They say that employers need time and flexibility to implement changes to health benefit plans and their internal administrative systems to prepare for the 40% tax on group health care premiums.

Under proposed regulations, starting in 2018, the IRS will tax at a rate of 40% the portion of any plan that exceeds $10,200 in premium for individual coverage and $27,500 for family coverage. These thresholds are predictions. There is a formula in place for calculating the threshold based on a number of statistics, which change year to year.

The excise tax rules require health insurers to pay the tax, which they are expected to pass on to employers.
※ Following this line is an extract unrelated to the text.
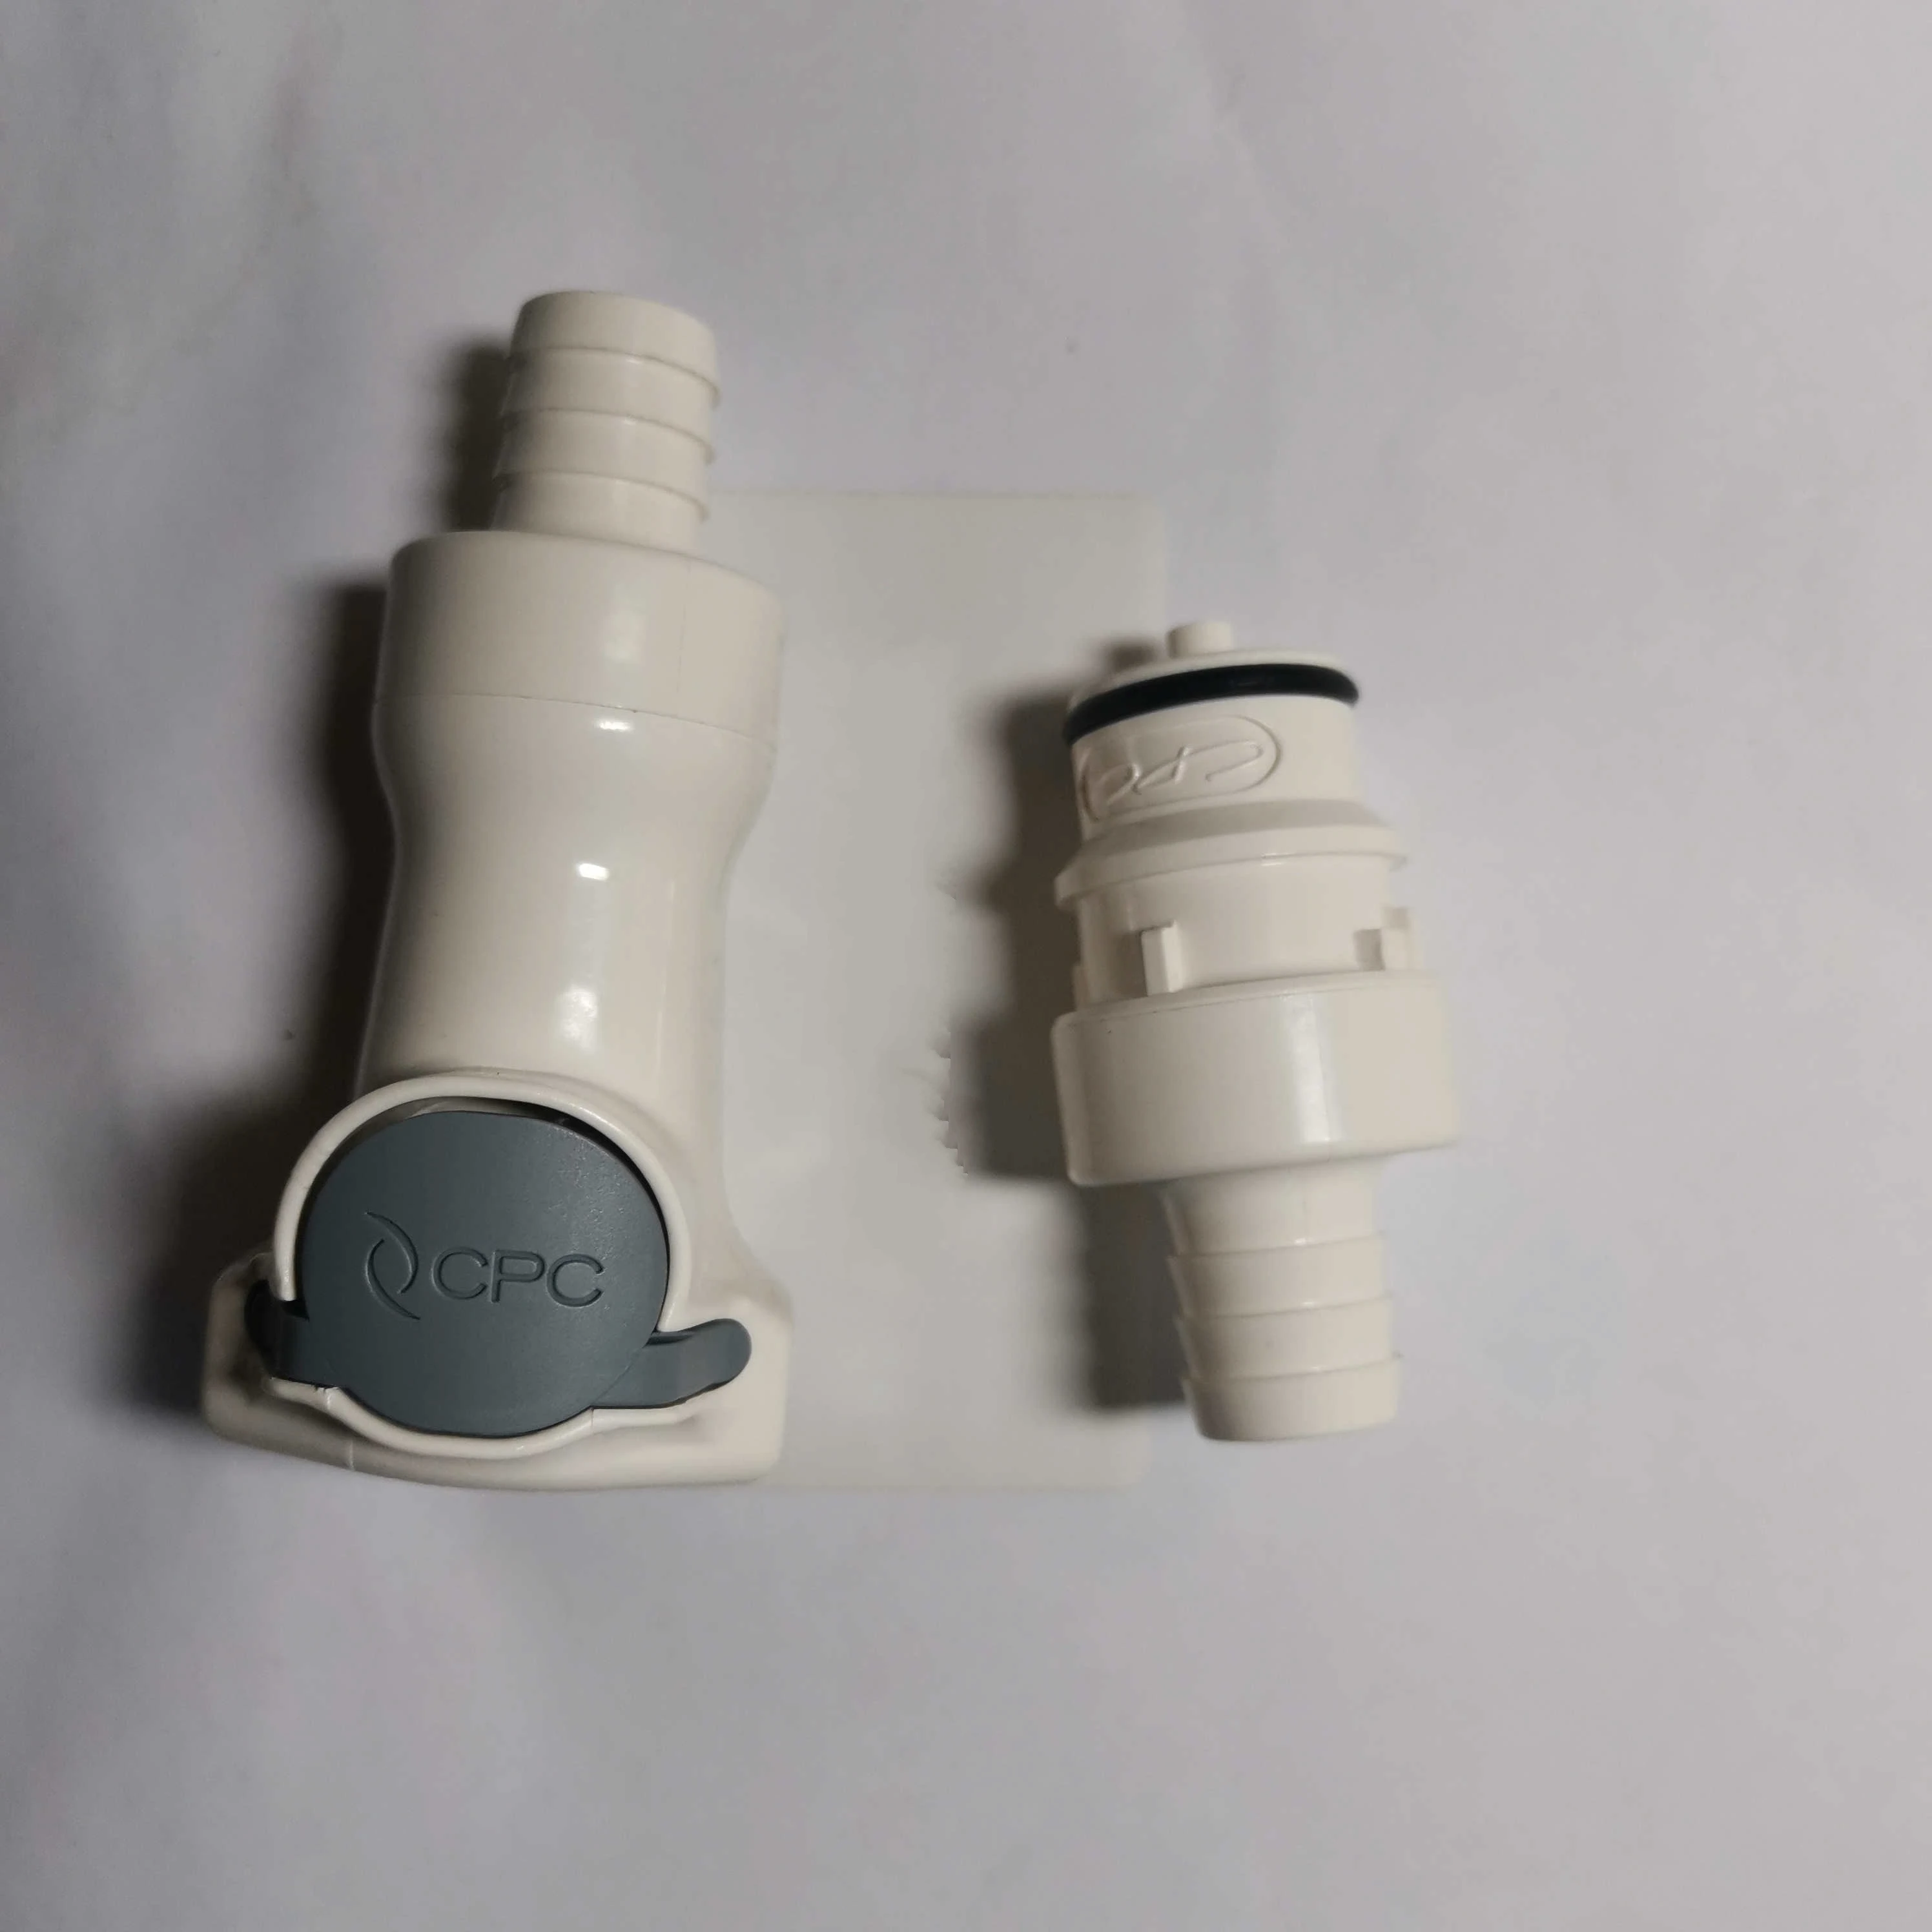 

Plastic CPC Connector and Fitting HFCD17835 HFCD22835 HFCD24835 HFCD16835 hfcd101235 hfcd241235
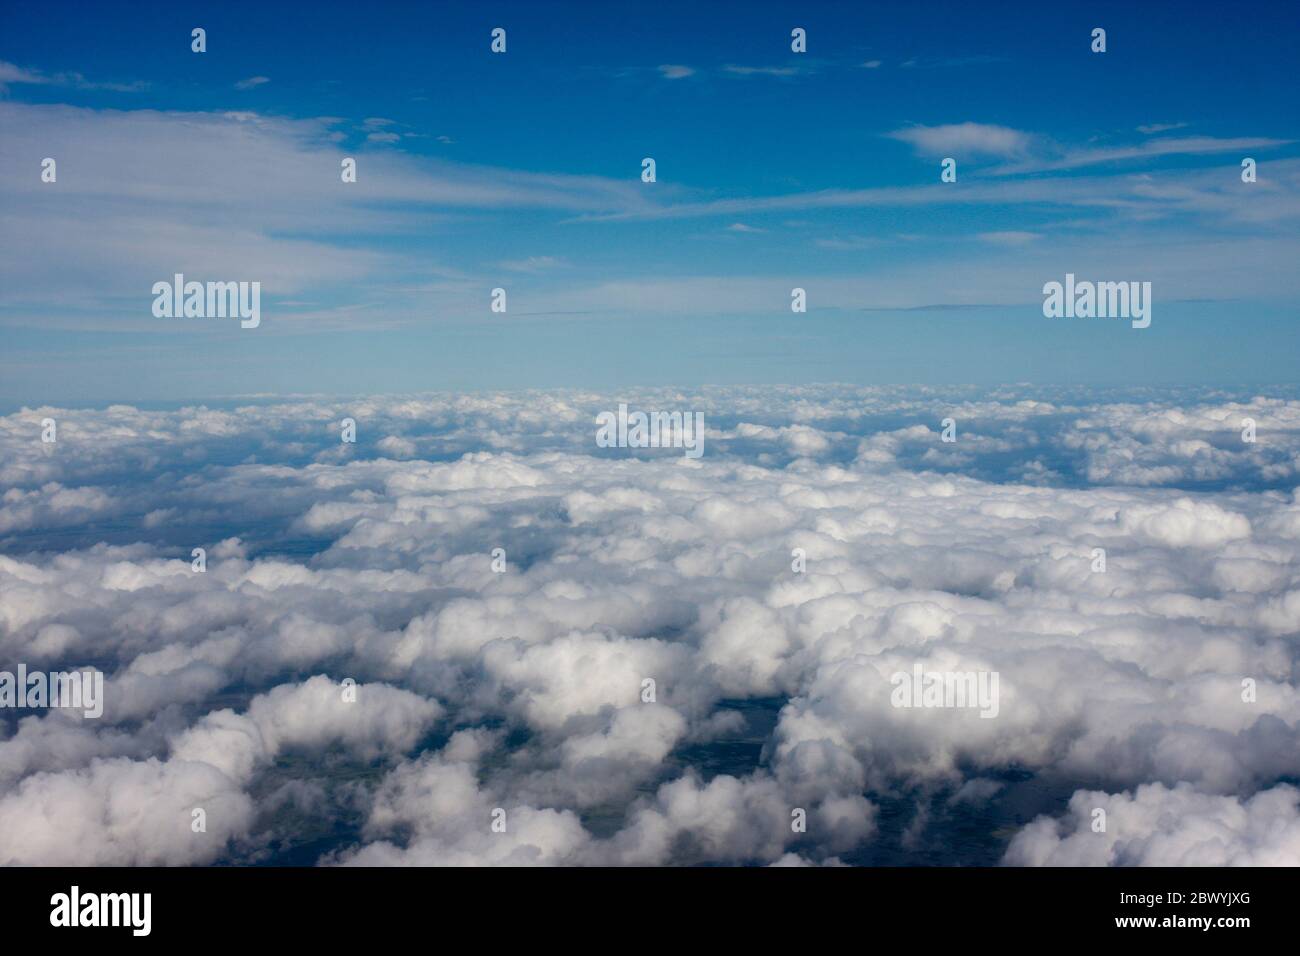 Cloudy sky over Bangladesh, view from airplane window. Stock Photo

Benefits consultants are also asking that some health benefit costs not be included when tabulating the premium for purposes of the Cadillac tax.

In a letter to the IRS, international consulting firm Mercer LLC urged the agency:

  • To exclude in its forthcoming proposed regulations non-core medical benefits – such as workplace wellness programs and on-site medical clinics – from the calculation of coverage costs.
  • To provide employers with enough flexibility to calculate coverage costs consistent with reasonable actuarial principles, and
  • To postpone its implementation of the excise tax, or at least provide a “good faith” compliance period.

 

Meanwhile, an employer benefits lobbying group known as the ERISA Industry Committee has asked for a two-year transition period to allow employers time to restructure their health benefit plans, administration systems and employee communications to comply with the reform law.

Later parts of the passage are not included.